Quando si verifica un evento traumatico nella tua vita, ora non sei la sola a risentirne. Ora devi aiutare anche tuo figlio in caso di eventi dolorosi o che possono procurare stress. Il divorzio, la morte di una persona cara, cambiare casa… Questi sono solo alcuni tra gli eventi traumatici che ognuno di noi può vivere nel corso della propria vita.

Quindi non c’è da sorprendersi se questi eventi possono colpire anche il tuo bambino. Quando capita qualcosa, in genere il bambino adegua il proprio comportamento a quello dei suoi genitori. Per questo motivo, quando tu sei triste, stressata o ansiosa, molto probabilmente lo sarà anche lui. Ma come si fa a fronteggiare le difficoltà della vita ed evitare che il tuo bambino possa risentirne in maniera traumatica?

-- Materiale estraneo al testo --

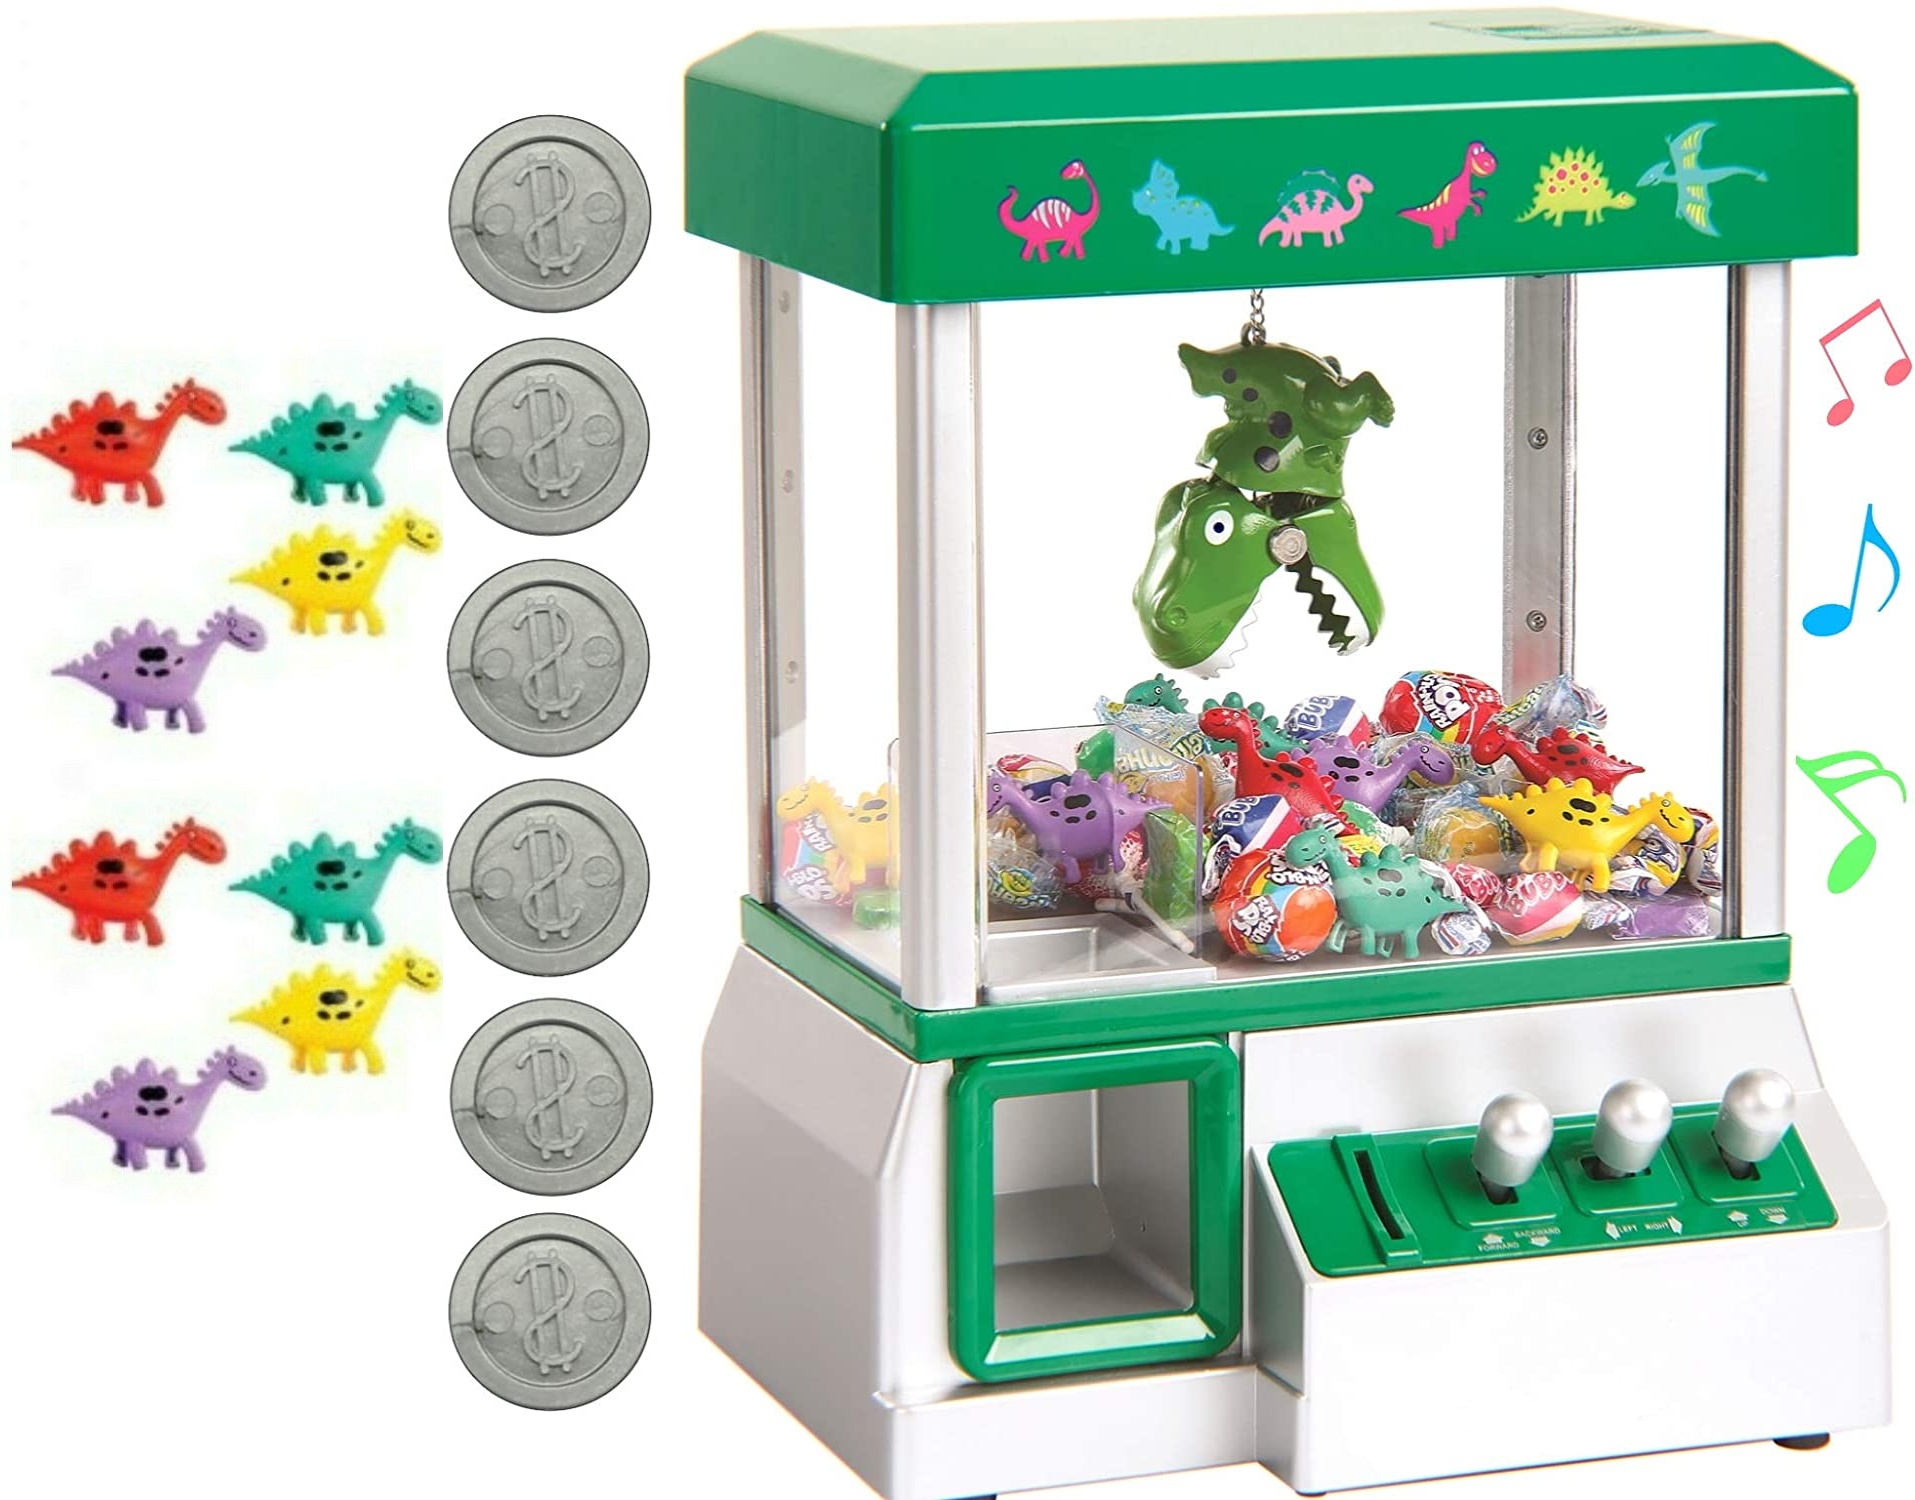 Claw Machine Arcade Game. Candy Grabber & Prize Dispenser Vending Machine Toy for Kids, with Music. Best Birthday & Christmas Gifts for Boys & Girls(Dinosaur Claw)

Il momento dell’asilo, il primo distacco

Lasciare all’asilo il tuo bambino può essere più difficile per te che per lui. Molti asili consigliano un inserimento morbido del bambino, che prevede per un po’ la presenza della mamma, prima di lasciarlo. Chiedi alle maestre se a scuola il bambino mangerà da solo e se dovrà mettere le scarpe anche da solo, in modo che a casa, insieme, potete fare un po’ di pratica.

Se hai delle amiche che hanno dei bambini che già frequentano l’asilo, vai a trovarle, quasi sempre i bambini più piccoli vogliono copiare quello che fanno i bambini più grandi. Inoltre puoi uscire con il bambino a fare delle spese speciali per il suo ingresso all’asilo e chiedergli di aiutarti a scegliere, per esempio, un paio di scarpe nuove o uno zainetto. Le prime settimane saranno certamente le più difficili per entrambi.

Quando devi salutarlo, cerca di non protrarre troppo a lungo il tuo saluto e di rimanere calma. Puoi sempre telefonare all’asilo più tardi, per essere sicura che il tuo bambino sia tranquillo. Non deve sorprenderti se, almeno all’inizio, il comportamento di tuo figlio è leggermente altalenante, spesso il problema è causato semplicemente dalla stanchezza e con il tempo le cose certamente miglioreranno. Se però, dopo un mese o poco più, il bambino sembra ancora piuttosto agitato, vai a parlare con la direttrice dell’asilo.